| |
| |
| |
Boekbeschouwing.
Nieuwe Verhandelingen van het Genootschap tot verdediging van de Christelijke Godsdienst tegen derzelver hedendaagsche bestrijders. Voor het jaar 1831. In 's Gravenhage, bij de Erve(n) J. Thierry en C. Mensing en Zoon. 1832. In gr. 8vo. 457 Bl. f 3 25.
Twee Verhandelingen bevat dit boekdeel, over het hooggaande lijden van jezus in Gethsemané, van welke die van den Heer riehm met goud, die van den Heer van der willigen met zilver bekroond is, uit een zesentwintigtal, dat ter beoordeeling was ingezonden.

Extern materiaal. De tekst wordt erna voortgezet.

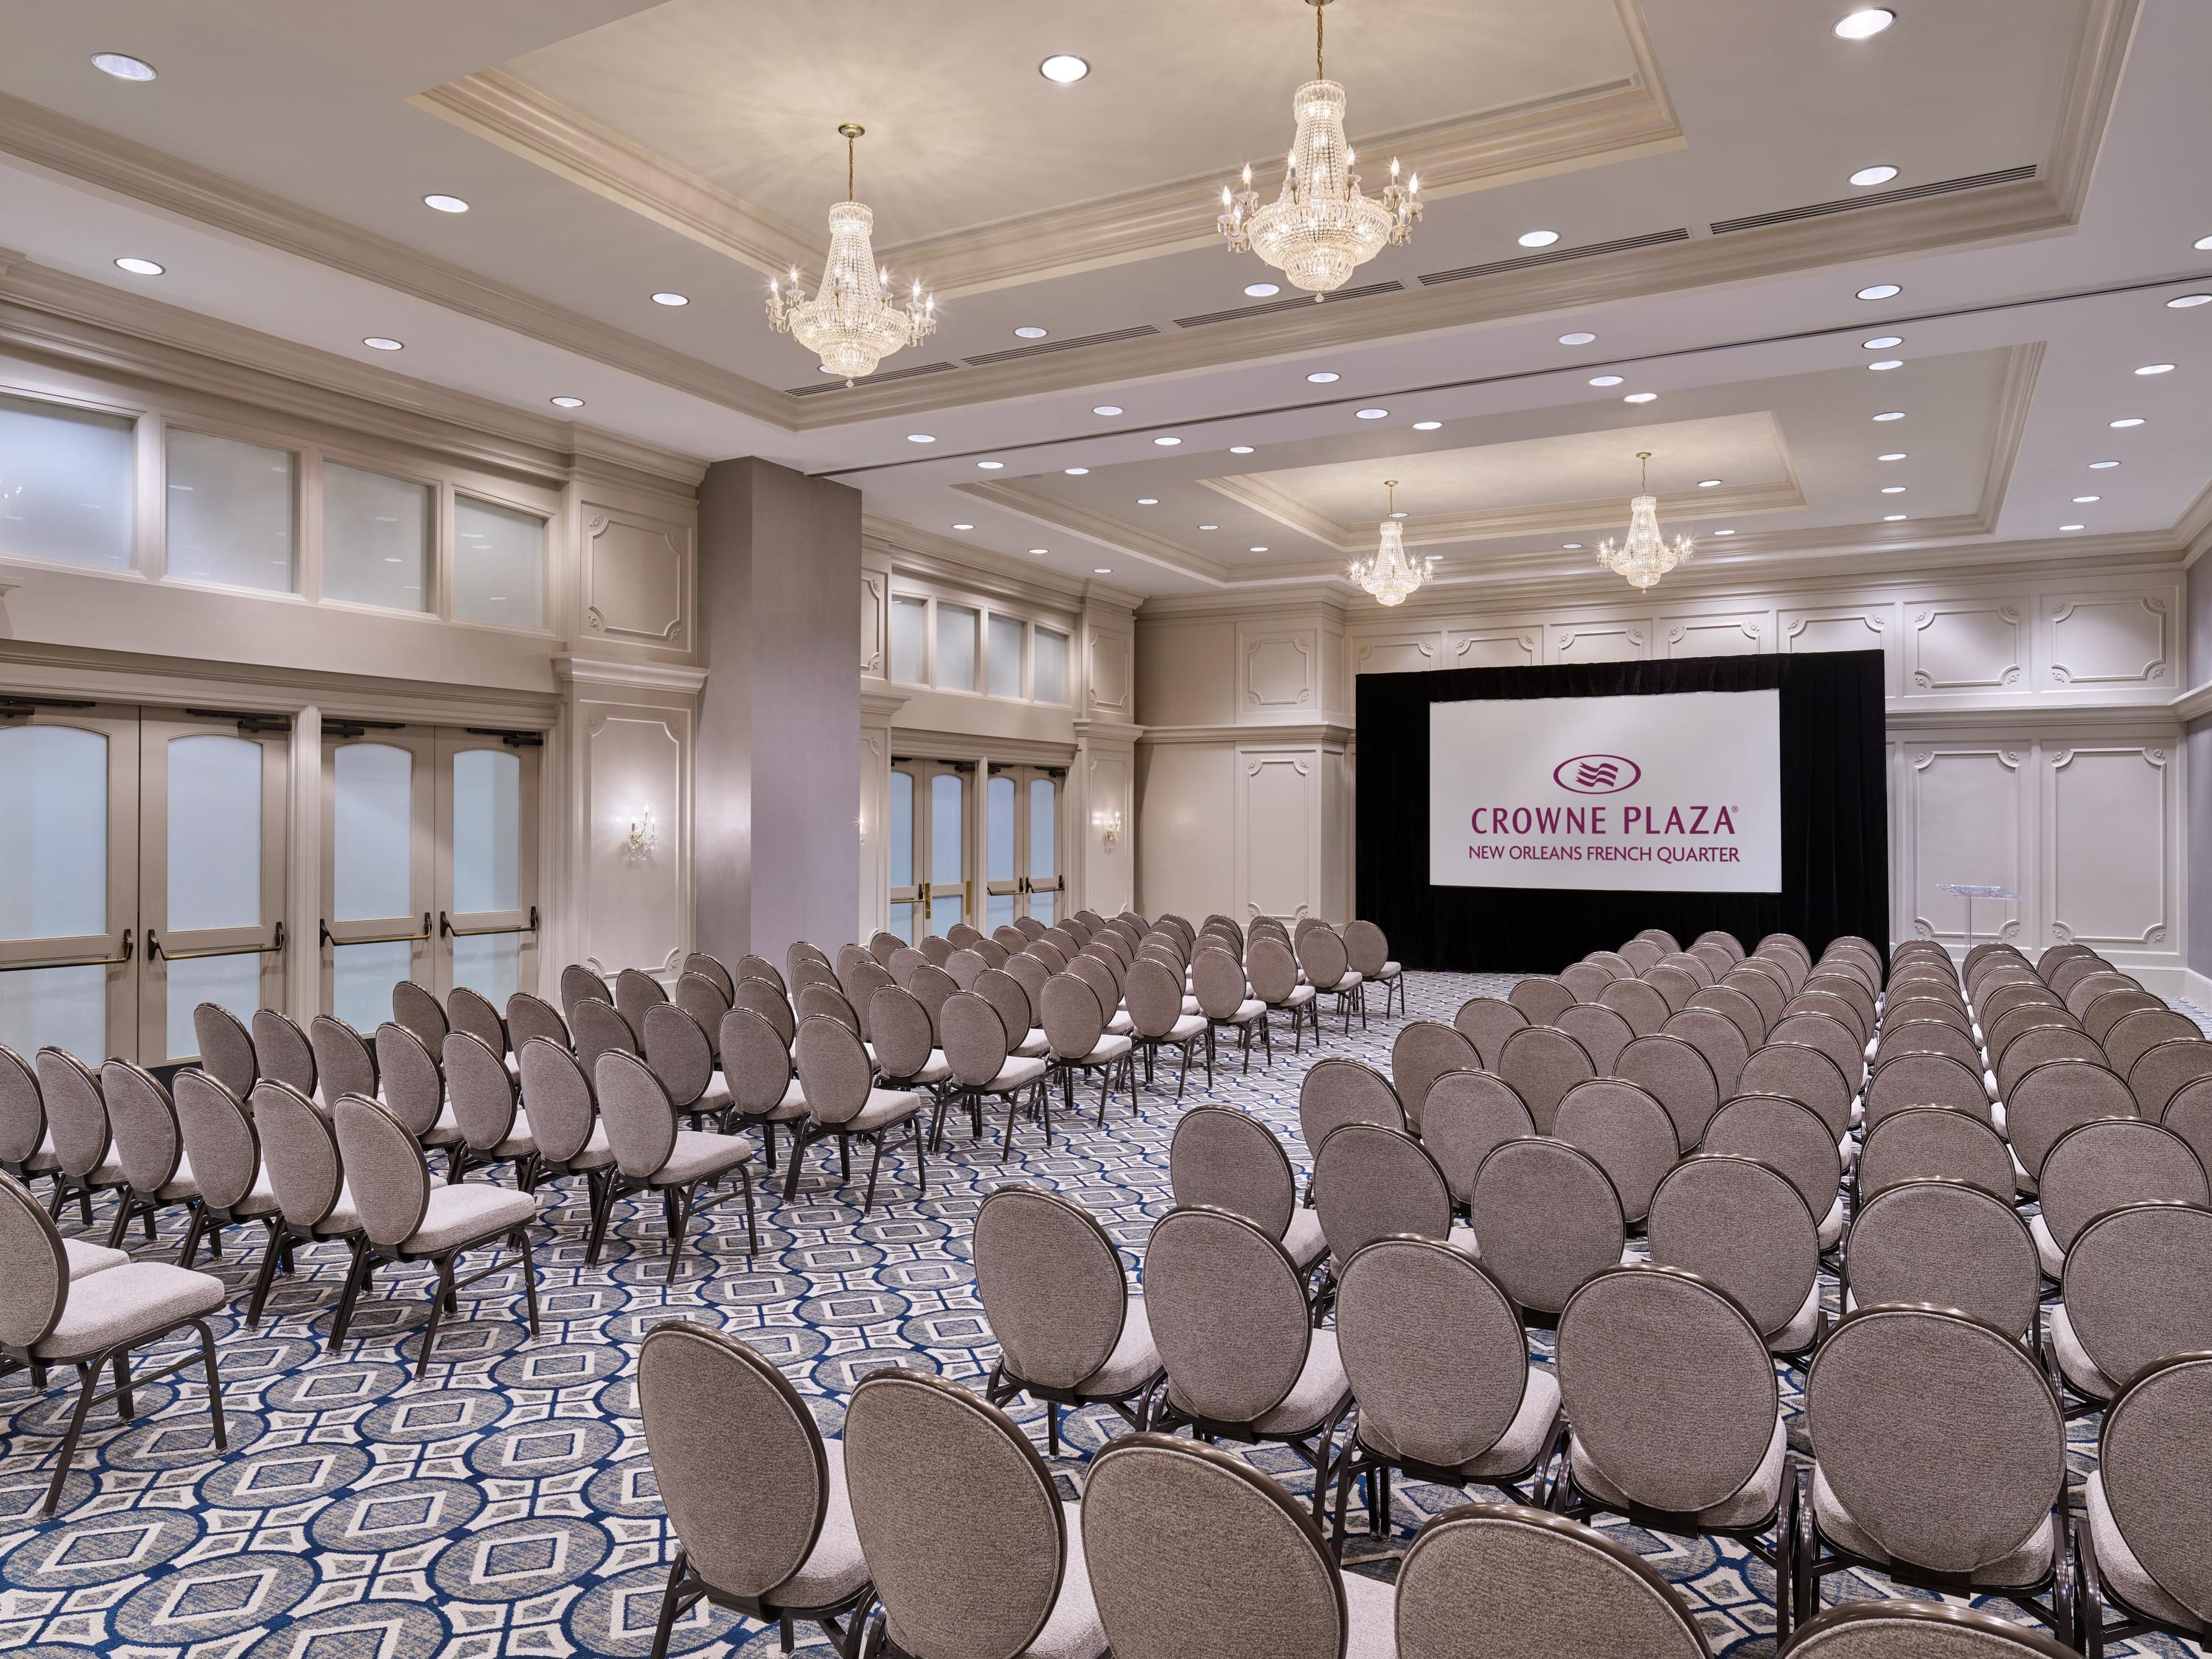 From conferences to weddings, host your next signature event in our hotel's fantastic meeting space and rooms. With 32,000 square feet and three ballrooms, our flexible space is outfitted with audiovisual technology ideal for any event. Additionally, our hotel's Meetings Director will help you plan the perfect event for your guests.

Sedert de bestrijders van de geopenbaarde Godsdienst schijnen te rusten, werd het voor het Haagsche Genootschap telkens moeijelijker, prijsvragen uit te schrijven overeenkomstig met het oorspronkelijke doel. Al is er wel het een en ander over, in vroegere antwoorden, dat ter nalezing dienen kan, dan heeft men toch reden om tevreden te zijn, wanneer men op uitgeschrevene prijsvragen zulke antwoorden bekomt, als in dit boekdeel worden aangeboden, ofschoon zij niet regtstreeks dienen tegen hedendaagsche bestrijders. De dubbele gouden medaille was beloofd (zie Programma voor 1829), eene gouden medaille werd verleend (zie Progr. voor 1831), zonder dat er reden van die ingekrompene belooning gegeven wordt. Doch dit slechts in het voorbijgaan.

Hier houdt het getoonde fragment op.